Upon the application of a suitable voltage by one of the voltage sources V1, V2, V3, V4 . . . Vn to an associated one of the electrode groups S1, S2, S3, S4 . . . Sn, an electric field is established in a portion of the of the electro-optic material referred to as a pixel region 11 (i.e. shown in broken lines). In this regard, an electrode group S is associated with each pixel region 11. FIG. 1B shows that each pixel region 11 includes a portion of surface 18 that is impinged by radiation 25.
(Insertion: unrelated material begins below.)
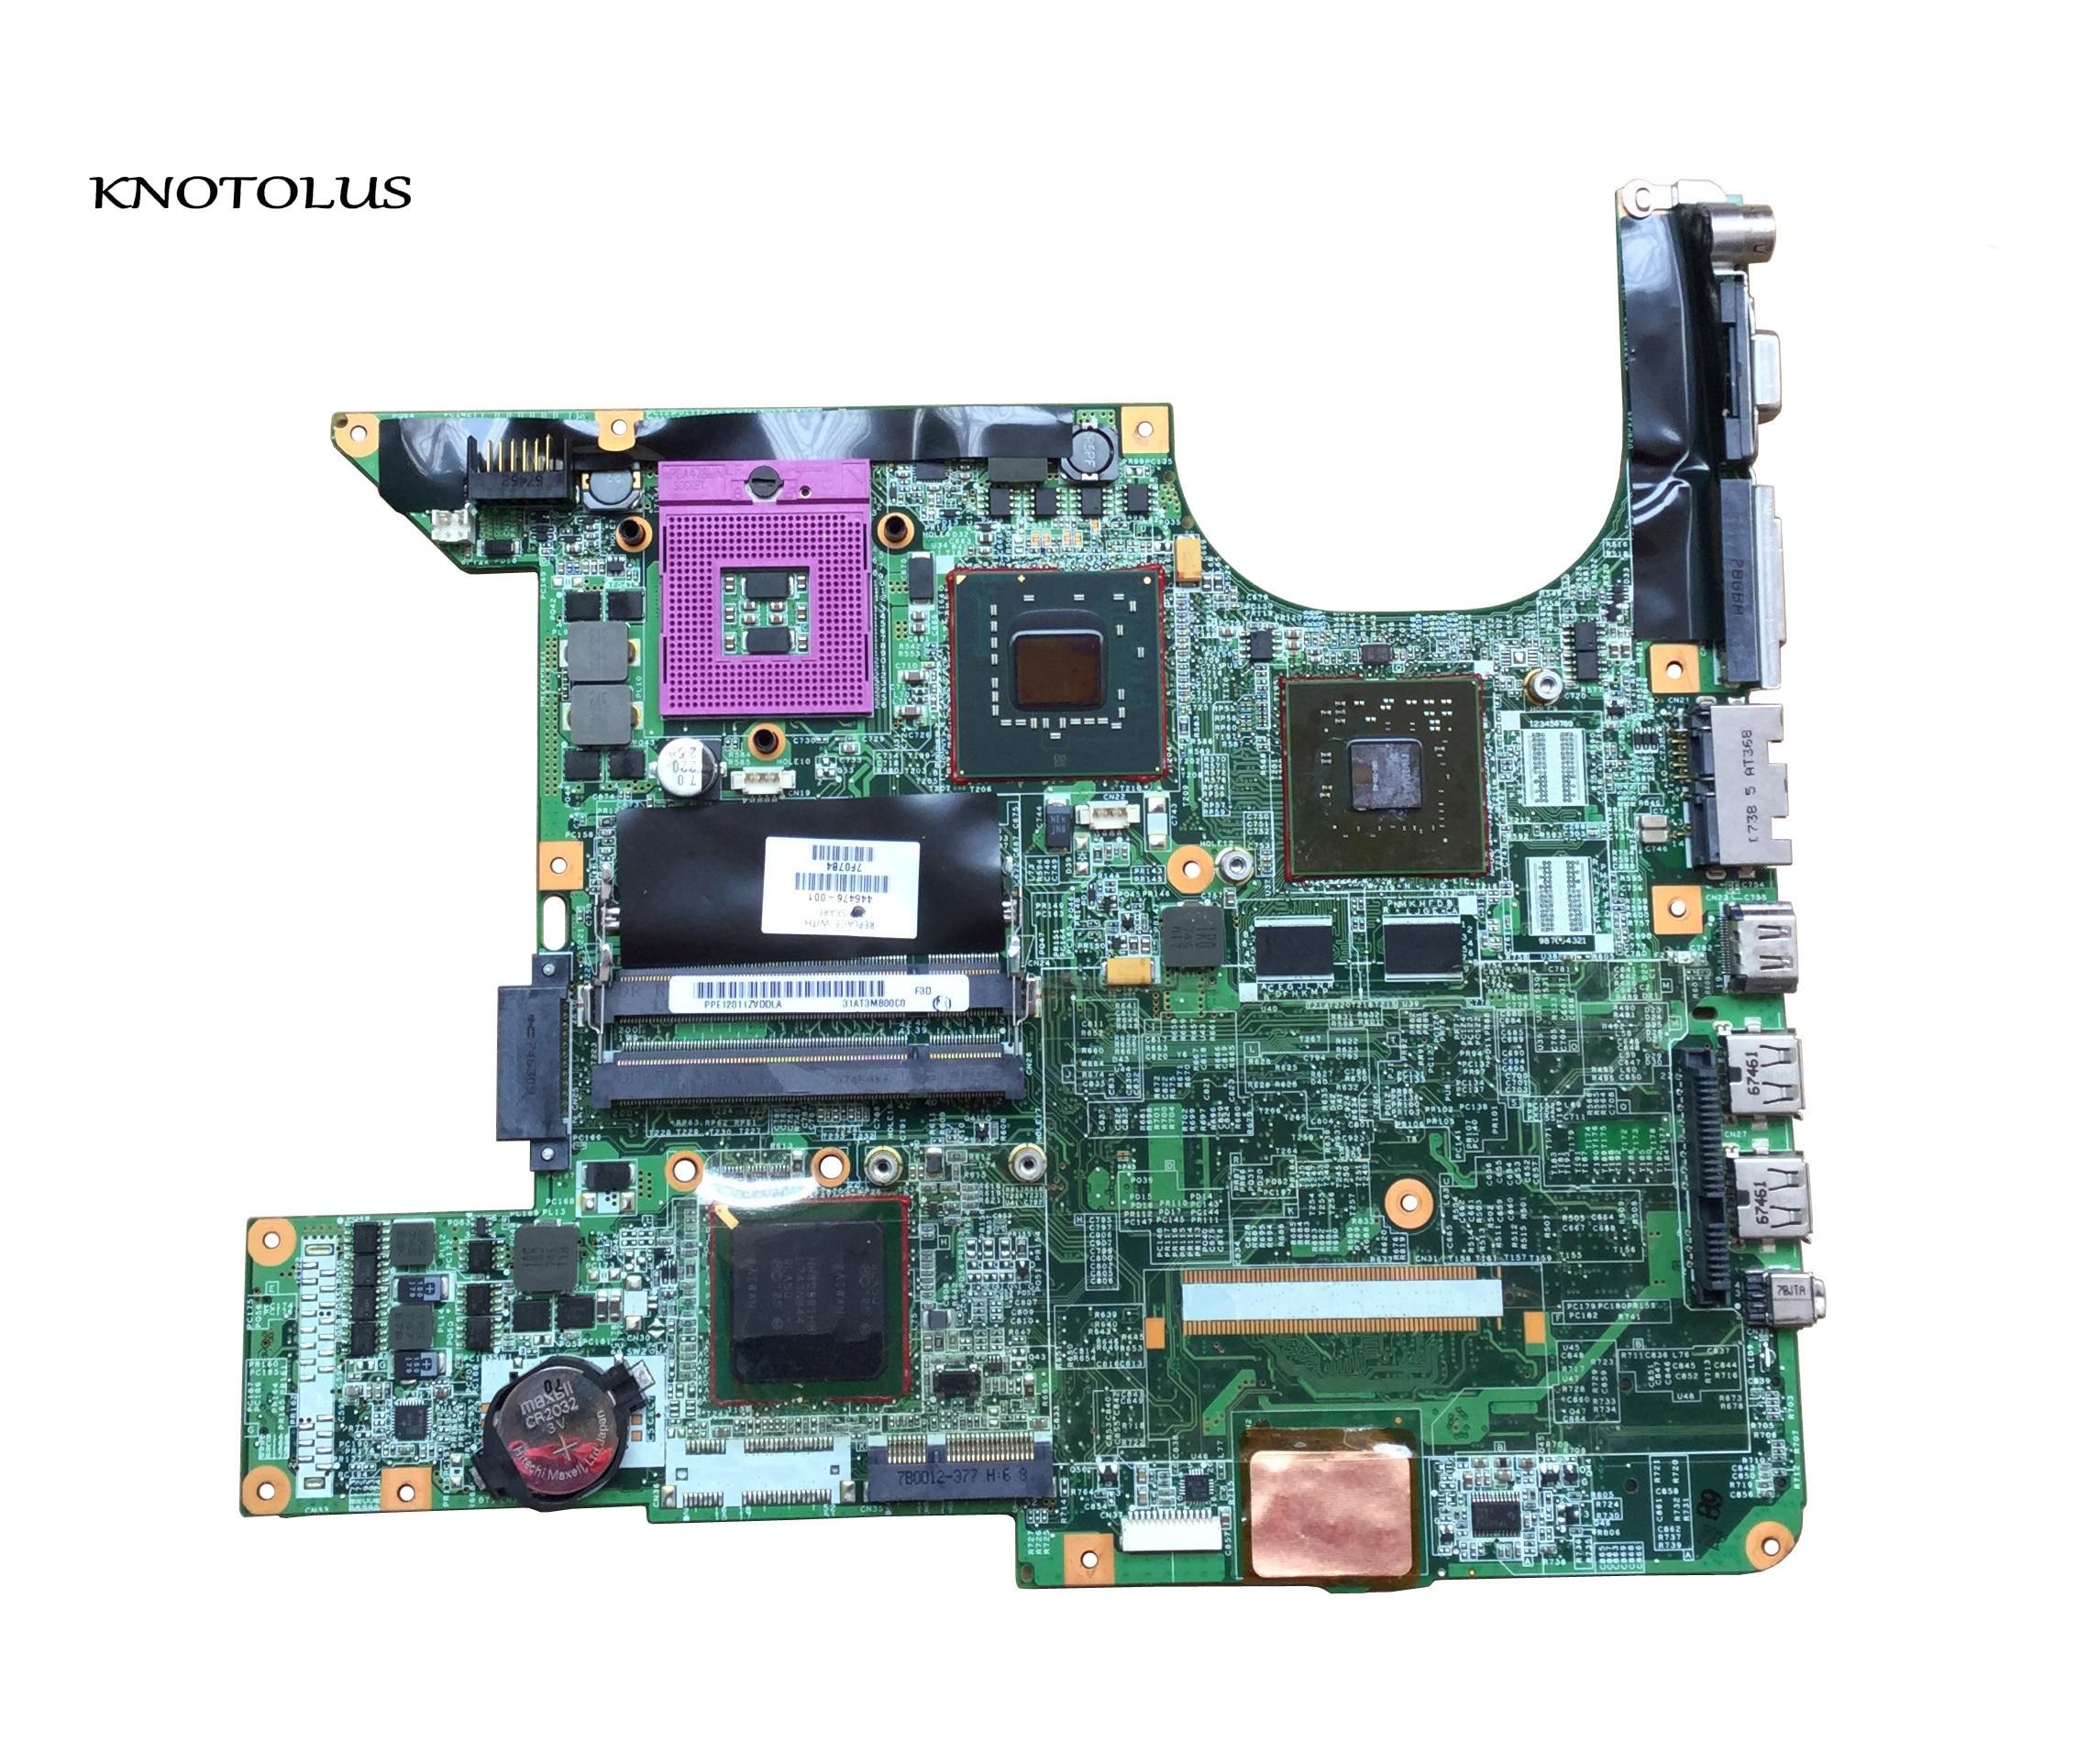 446476-001 Free Shipping For HP PAVILION DV6000 DV6500 DV6700 DV6800 Motherboard PM965 Chipset 100% Test Good

The application of the voltage alters the refractive index of the electro-optic material, thereby changing a birefringent state of the pixel region 11. Under the application the corresponding drive voltage, the arrangement of electrodes 15 and 16 in each of the electrode groups S1, S2, S3, S4 . . . Sn causes each of the electrode groups to behave in a manner similar to a diffraction grating. A birefringent state of each of the pixel regions 11 can therefore be changed in accordance with the selective application of various voltages by an associated one of voltage sources V1, V2, V3, V4 . . . Vn. For example, in this case when no voltage is applied to a particular electrode group S, an associated pixel region 11 assumes a first birefringent state in which output radiation 27 is emitted from surface 22 and is directed by one or more lenses (not shown) towards a surface of a recording media (also not shown) to form an image pixel thereon. In the case when a suitable voltage is applied to a particular electrode group S, the associated pixel region 11 assumes a second birefringent state in which output radiation 27 is emitted from surface 22 in a diffracted form which can be blocked by an obstruction such as an aperture (also not shown) to not form an image pixel.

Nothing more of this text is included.